* _TASK INSTRUCTIONS_: The expected output is every line of the data exactly as shown, minus the images.

* _EXERCISE DATA_:

+===+

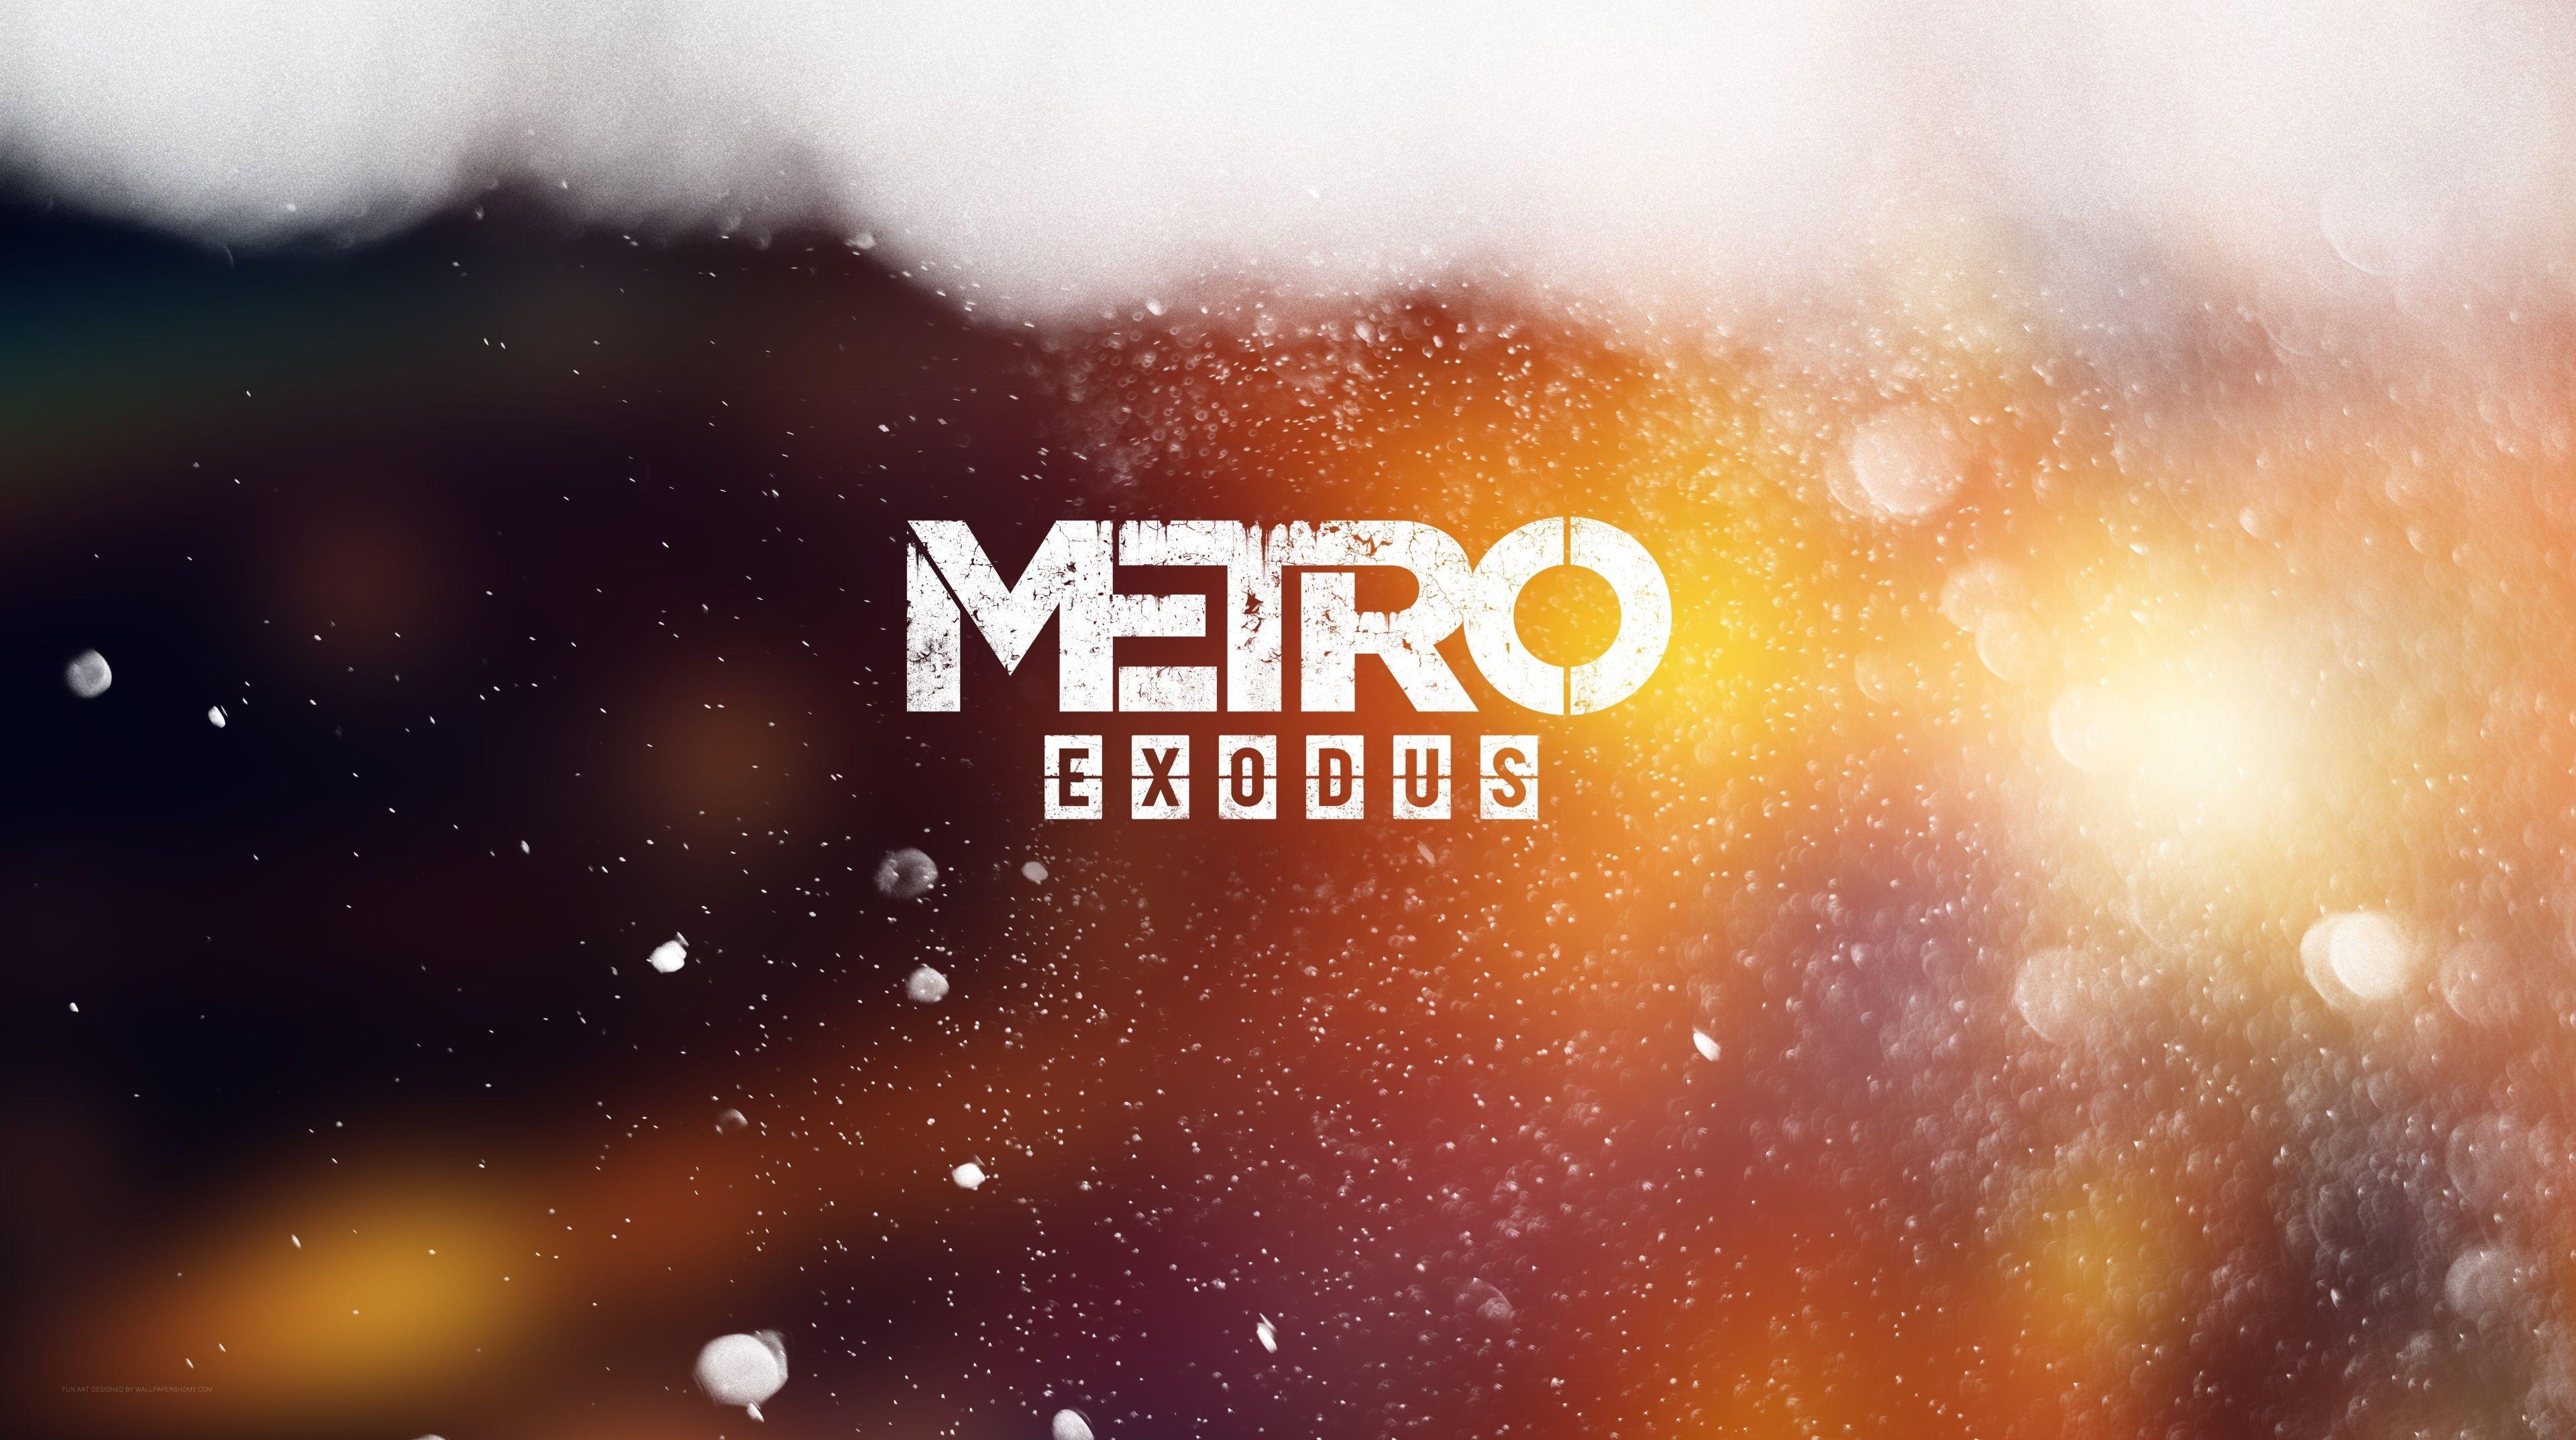 3840x2146 metro exodus 4k high resolution wallpaper for ...
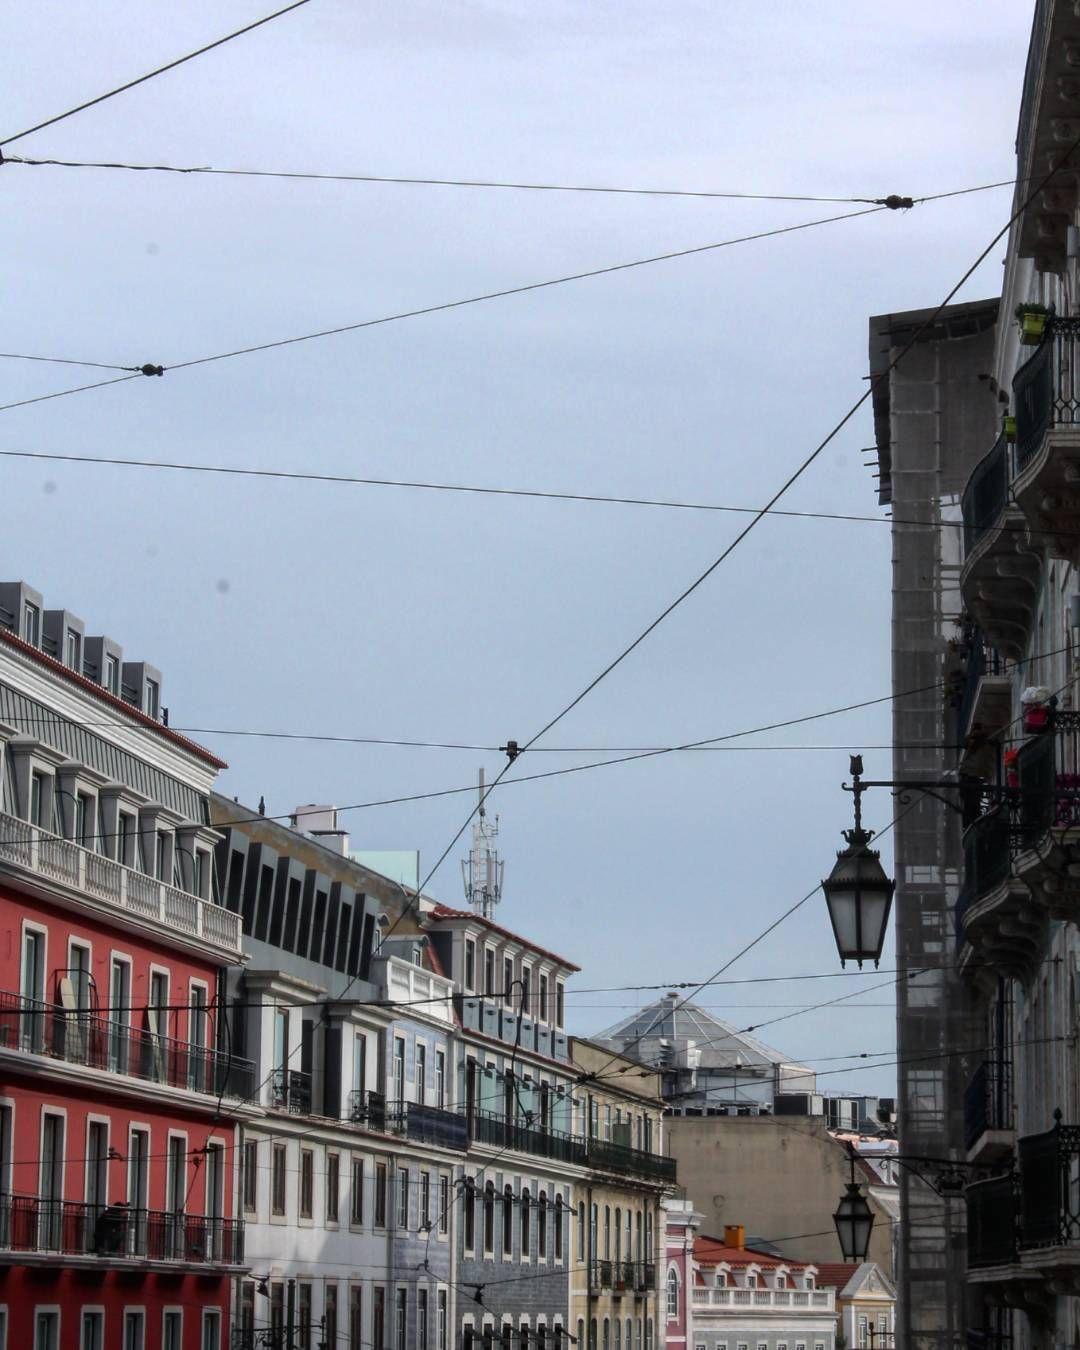 As suas casas de várias cores #portugalsemefeitos #streetview #takeoverinspiration #buildings #lisboa #city #morning #portugal #lisbon #sky #lines #igers #bella #amar_lisboa #p3top #capital #architecture #pt #design #outside #igersportugal #digital #blueday #landscape #lisbonne #hot_shotz by marta.rsilva
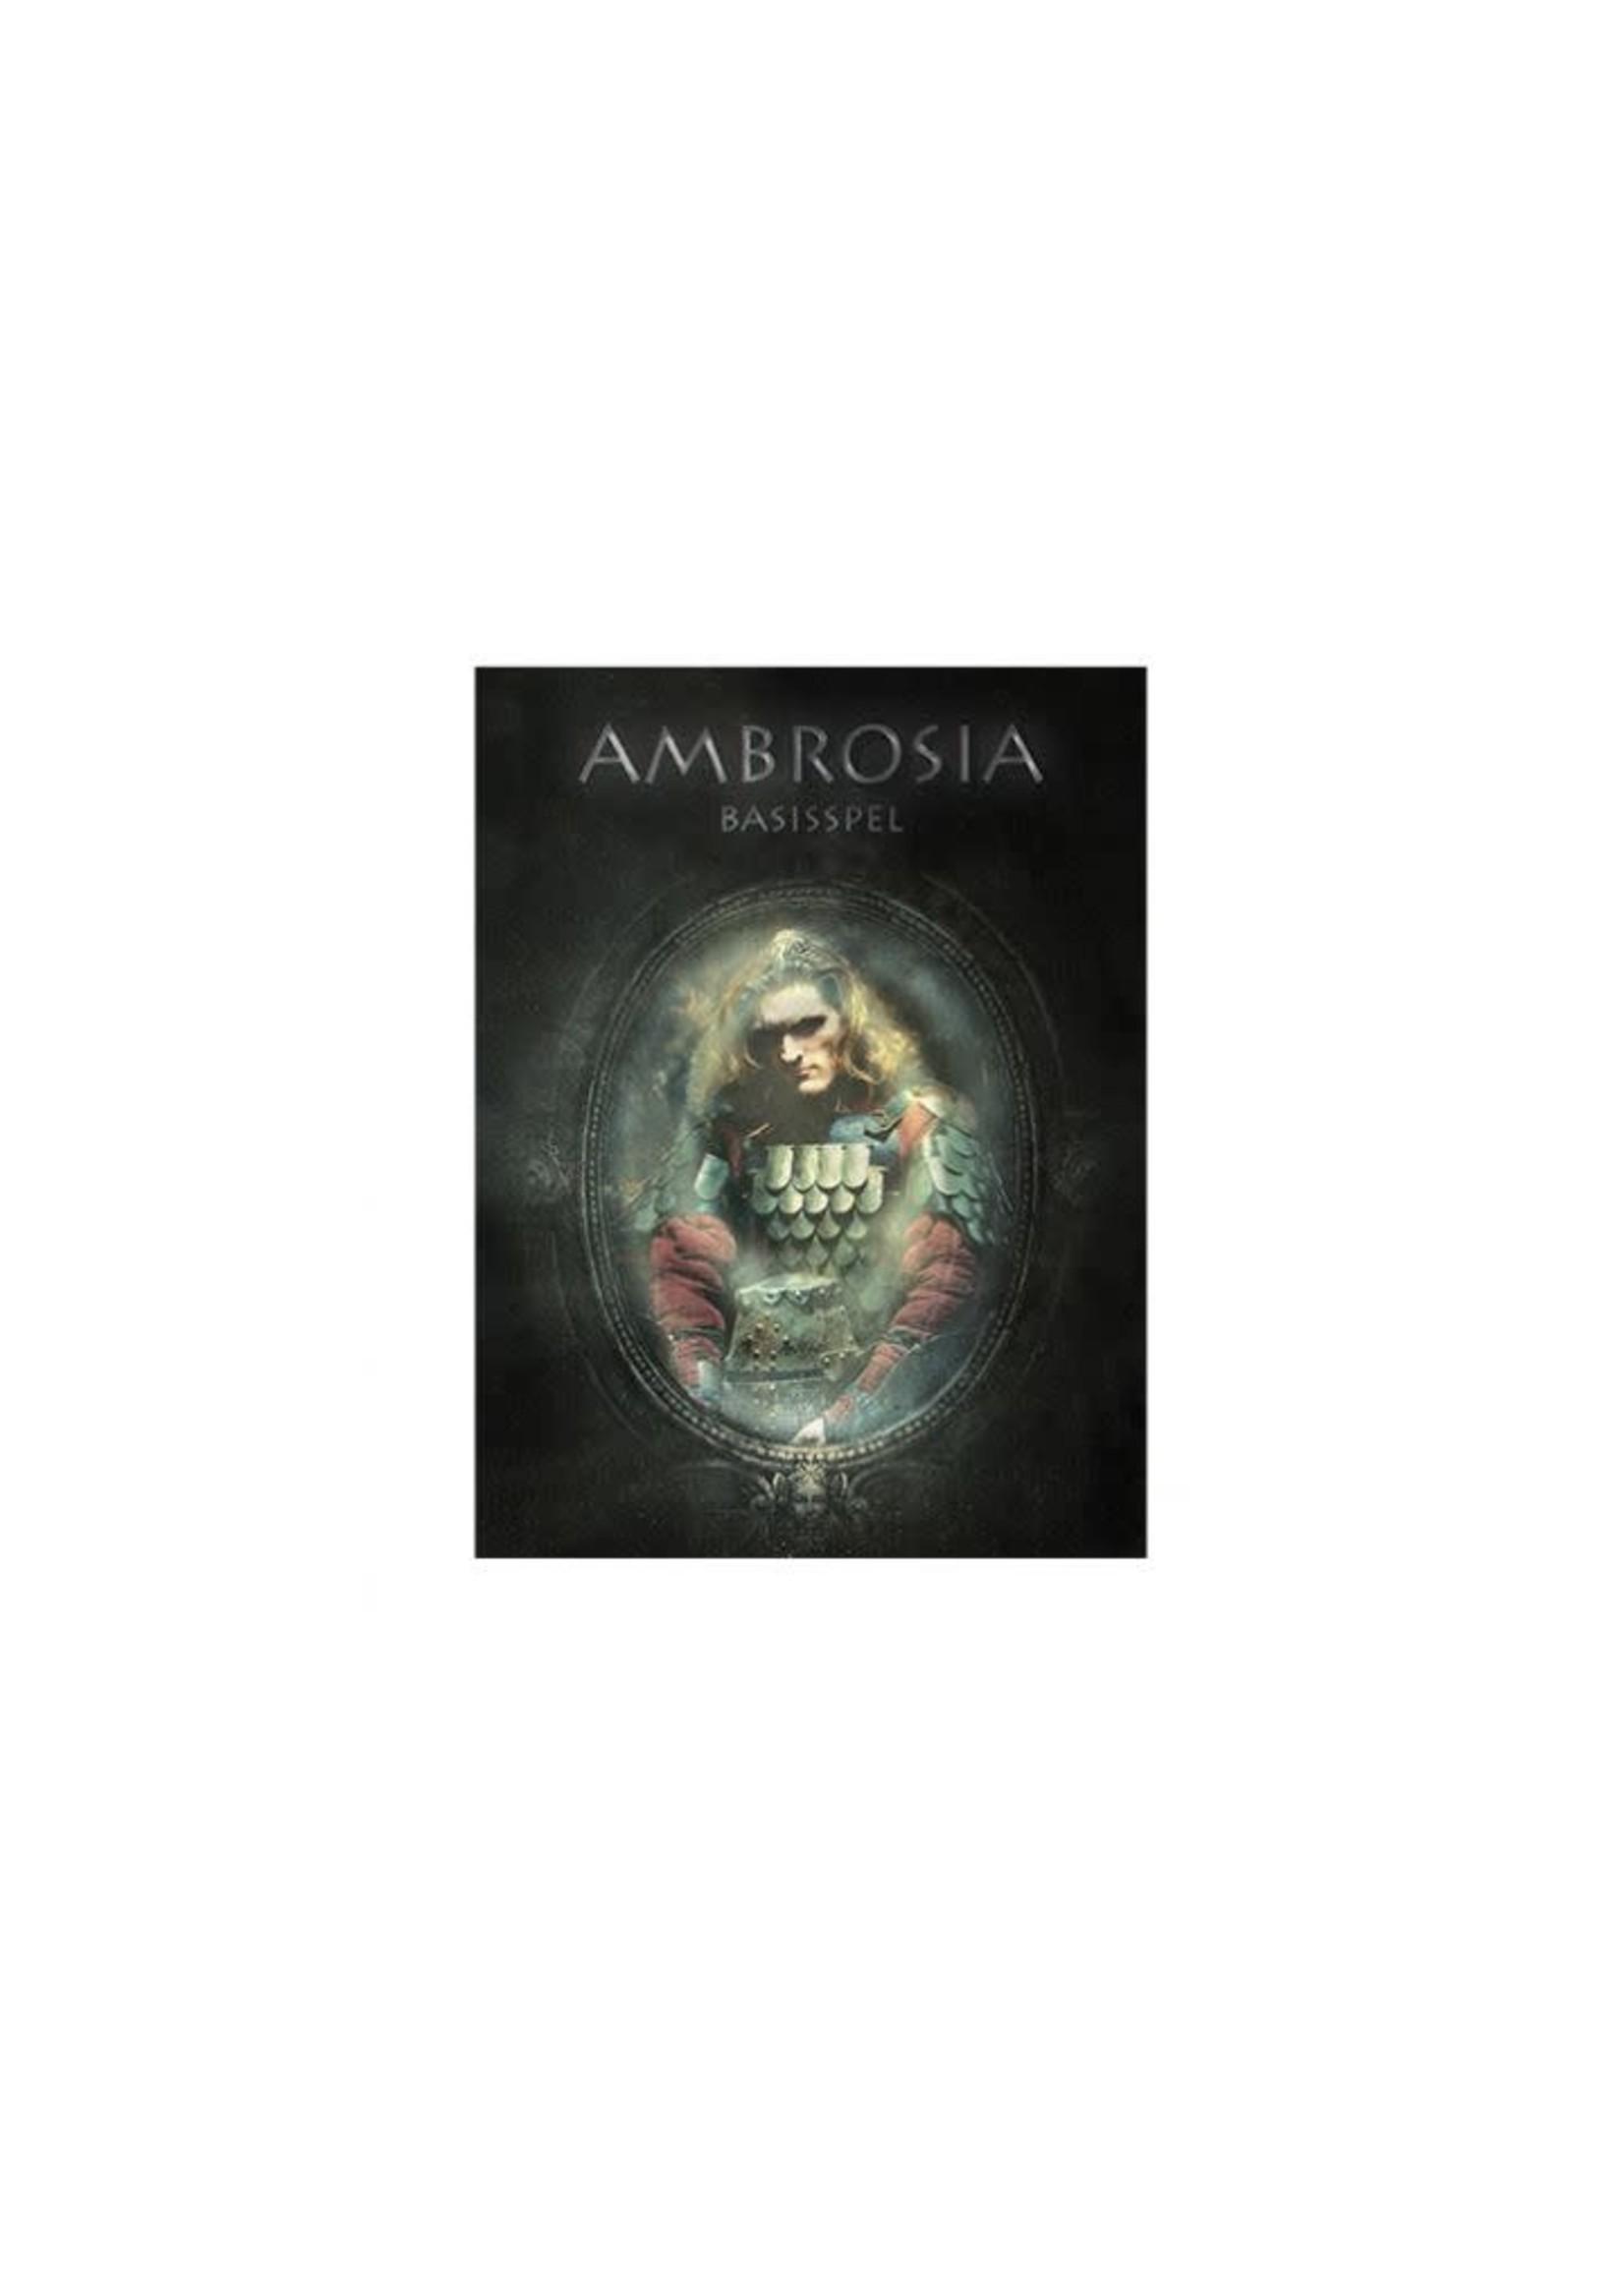 Ambrosia Bassispel

+===+

* _SOLUTION TO THIS PROBLEM_:
 3840x2146 metro exodus 4k high resolution wallpaper for ...
 As suas casas de várias cores #portugalsemefeitos #streetview #takeoverinspiration #buildings #lisboa #city #morning #portugal #lisbon #sky #lines #igers #bella #amar_lisboa #p3top #capital #architecture #pt #design #outside #igersportugal #digital #blueday #landscape #lisbonne #hot_shotz by marta.rsilva
 Ambrosia Bassispel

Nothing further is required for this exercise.